### [EXERCISE MATERIALS]
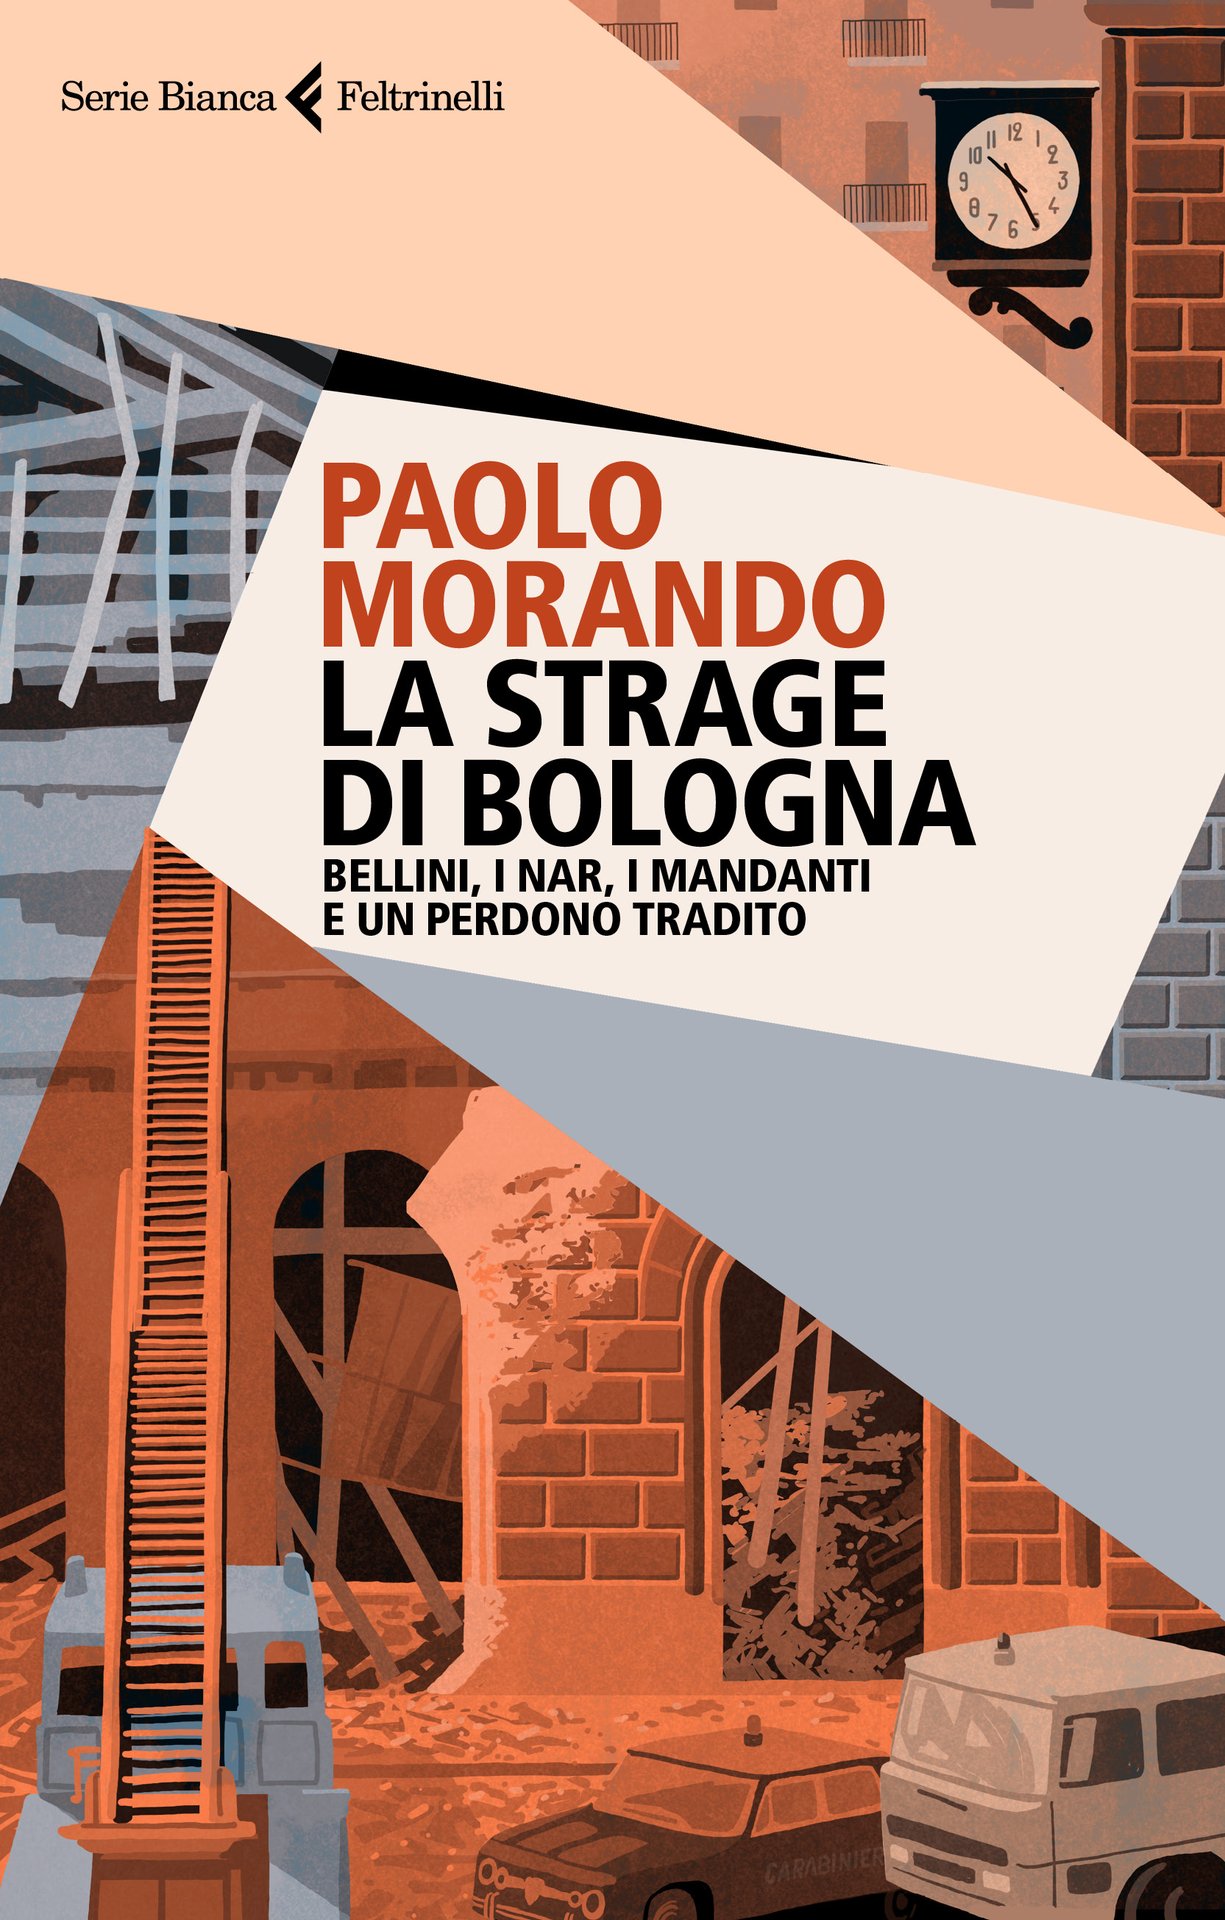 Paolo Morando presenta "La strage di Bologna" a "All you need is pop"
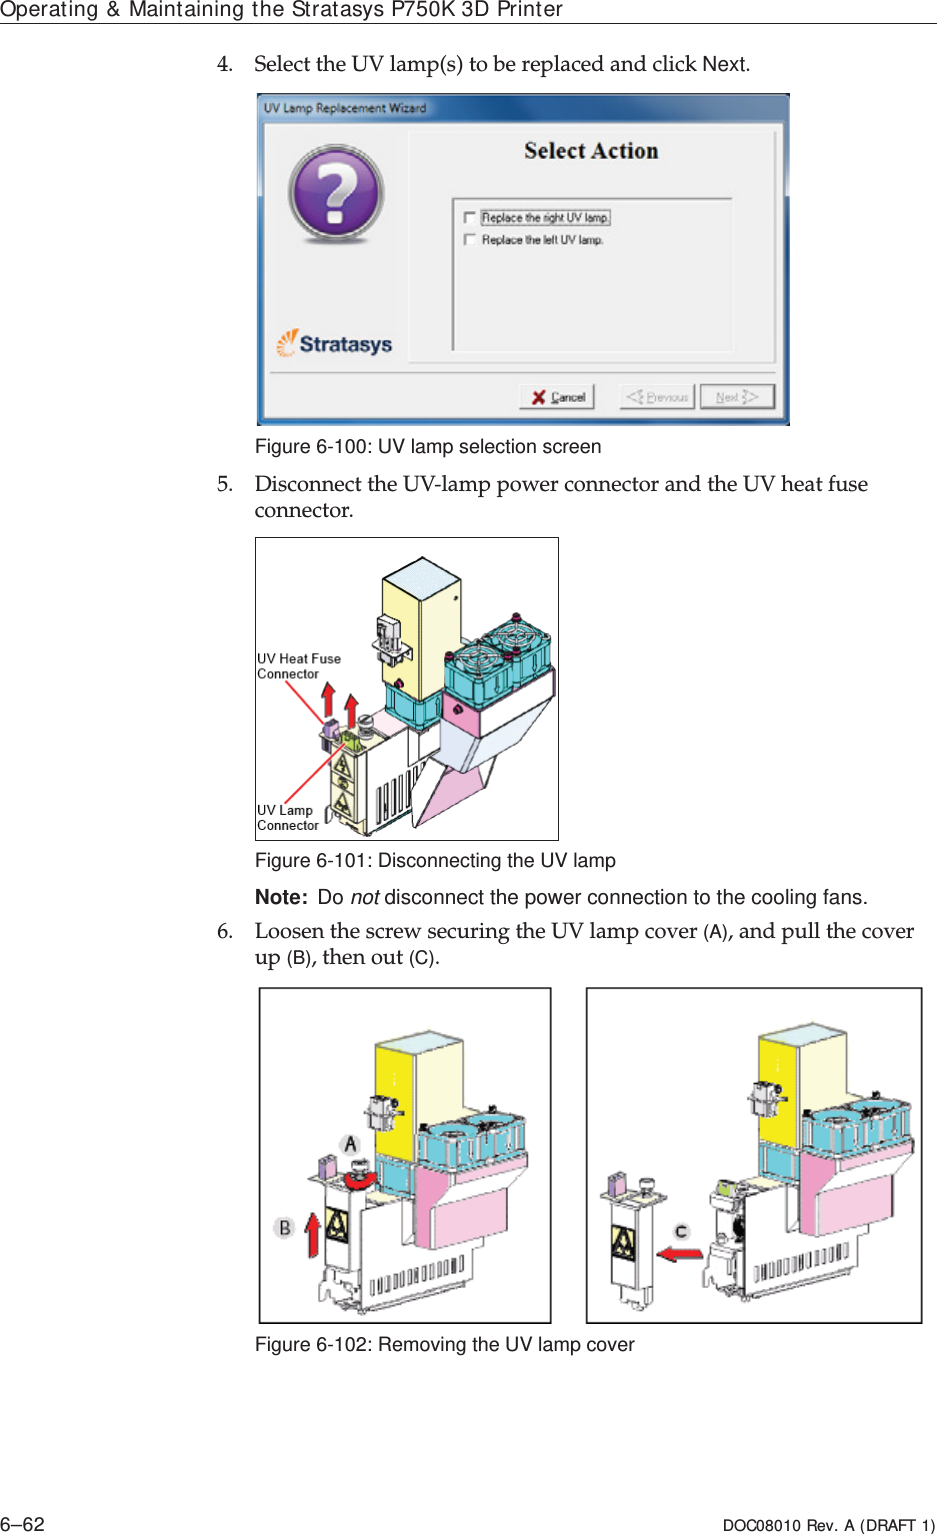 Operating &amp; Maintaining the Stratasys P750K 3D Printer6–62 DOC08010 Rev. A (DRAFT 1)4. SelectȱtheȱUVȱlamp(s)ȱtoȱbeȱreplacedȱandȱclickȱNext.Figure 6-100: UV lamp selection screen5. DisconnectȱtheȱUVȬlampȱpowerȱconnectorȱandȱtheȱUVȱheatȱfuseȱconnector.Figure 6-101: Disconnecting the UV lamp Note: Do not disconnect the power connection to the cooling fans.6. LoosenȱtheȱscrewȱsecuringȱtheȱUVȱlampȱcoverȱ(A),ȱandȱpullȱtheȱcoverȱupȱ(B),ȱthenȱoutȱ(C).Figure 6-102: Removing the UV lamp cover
==
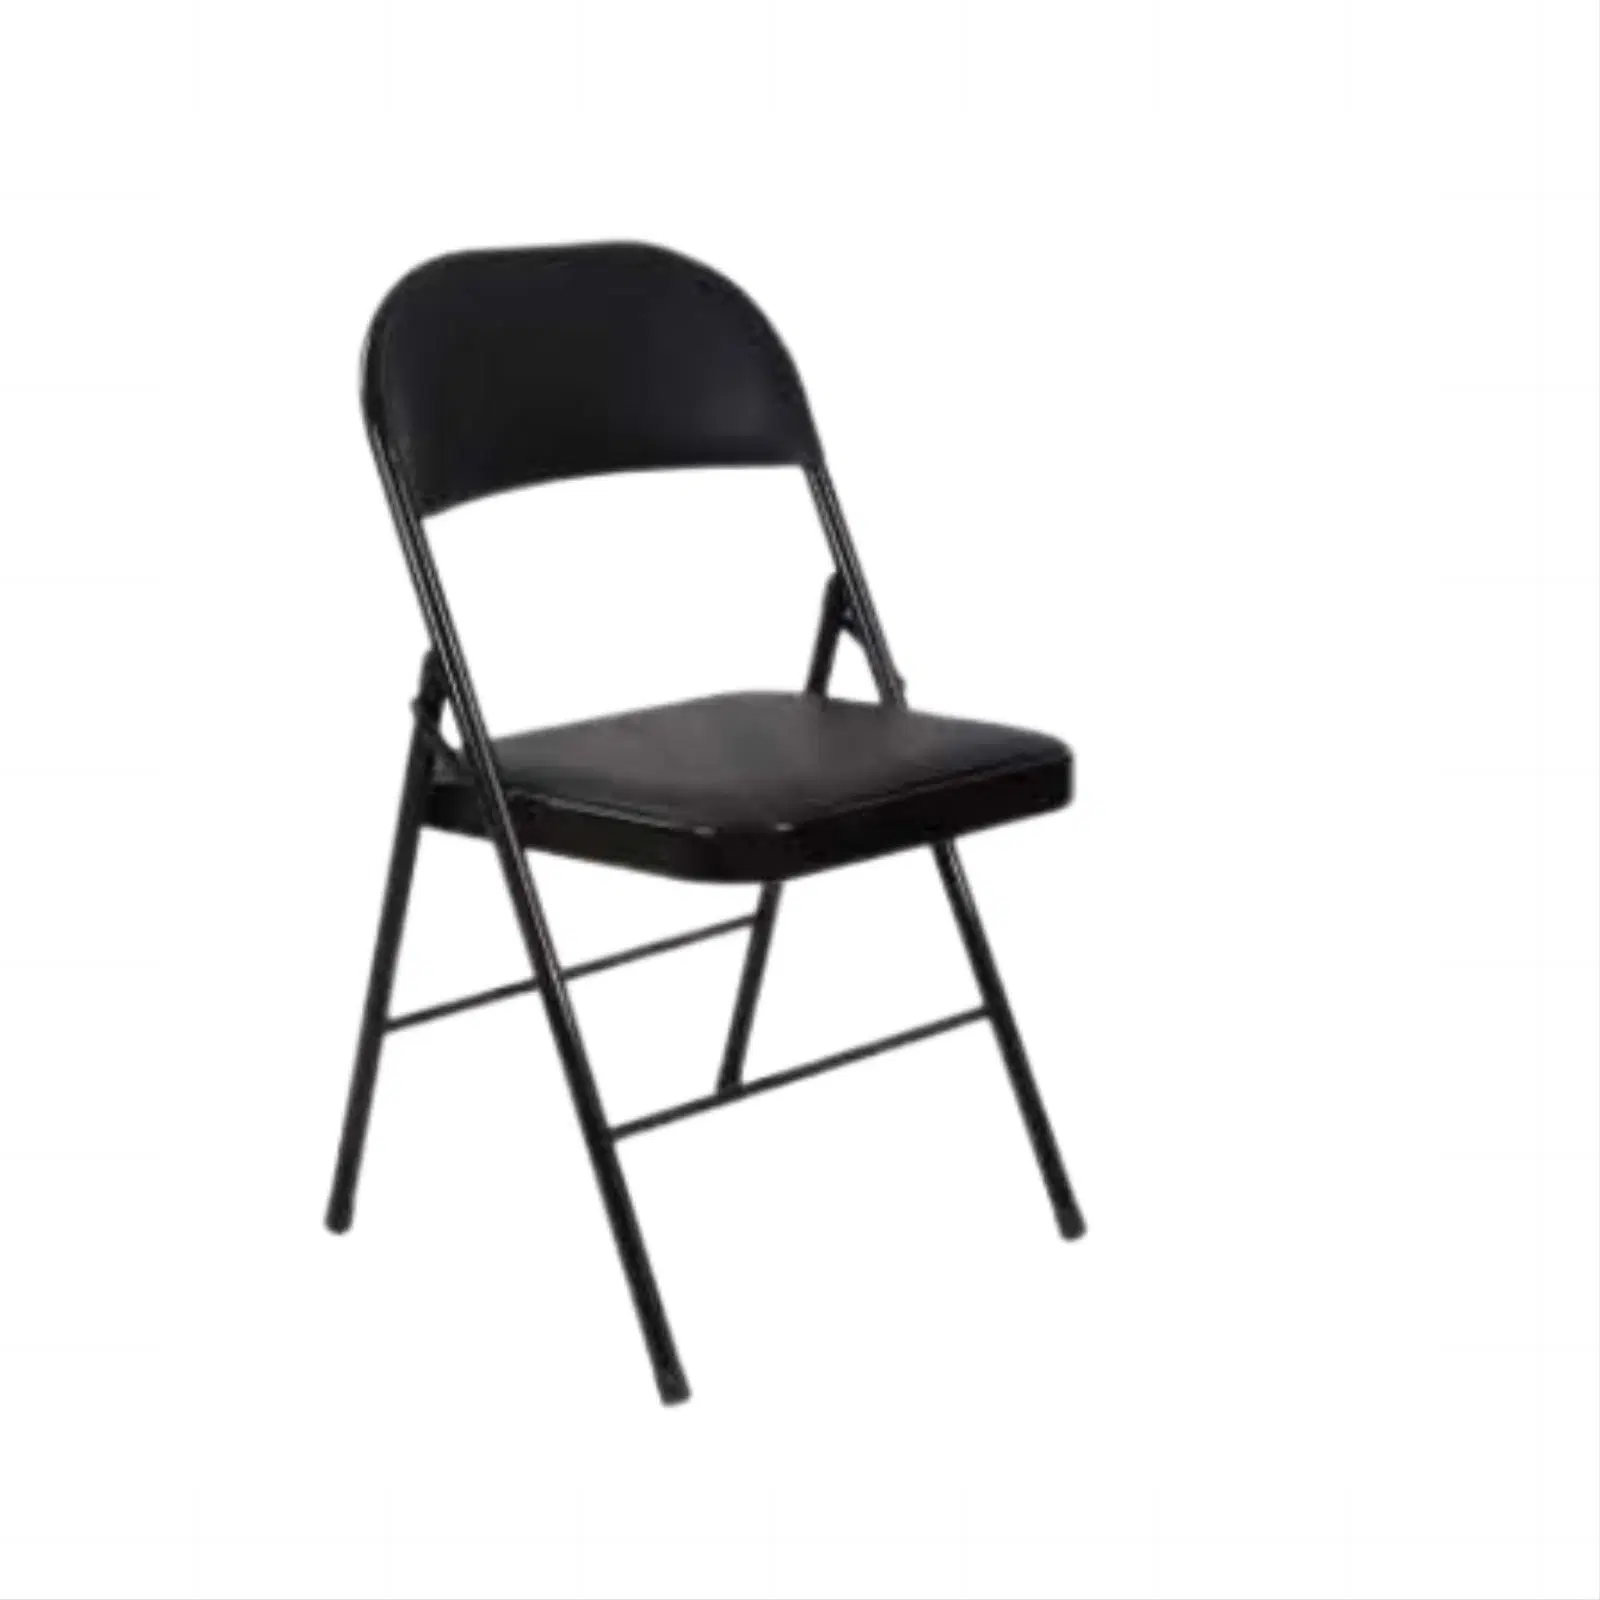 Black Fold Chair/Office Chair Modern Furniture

### [PROBLEM TO WORK ON]
What is needed is an exact copy of the lines above from the one with "Paolo Morando presenta" to the one with "Operating &amp; Maintaining", both ends kept, and nothing more; please leave the pictures out.

### [ANSWER SPACE]
 Paolo Morando presenta "La strage di Bologna" a "All you need is pop"
 Operating &amp; Maintaining the Stratasys P750K 3D Printer6–62 DOC08010 Rev. A (DRAFT 1)4. SelectȱtheȱUVȱlamp(s)ȱtoȱbeȱreplacedȱandȱclickȱNext.Figure 6-100: UV lamp selection screen5. DisconnectȱtheȱUVȬlampȱpowerȱconnectorȱandȱtheȱUVȱheatȱfuseȱconnector.Figure 6-101: Disconnecting the UV lamp Note: Do not disconnect the power connection to the cooling fans.6. LoosenȱtheȱscrewȱsecuringȱtheȱUVȱlampȱcoverȱ(A),ȱandȱpullȱtheȱcoverȱupȱ(B),ȱthenȱoutȱ(C).Figure 6-102: Removing the UV lamp cover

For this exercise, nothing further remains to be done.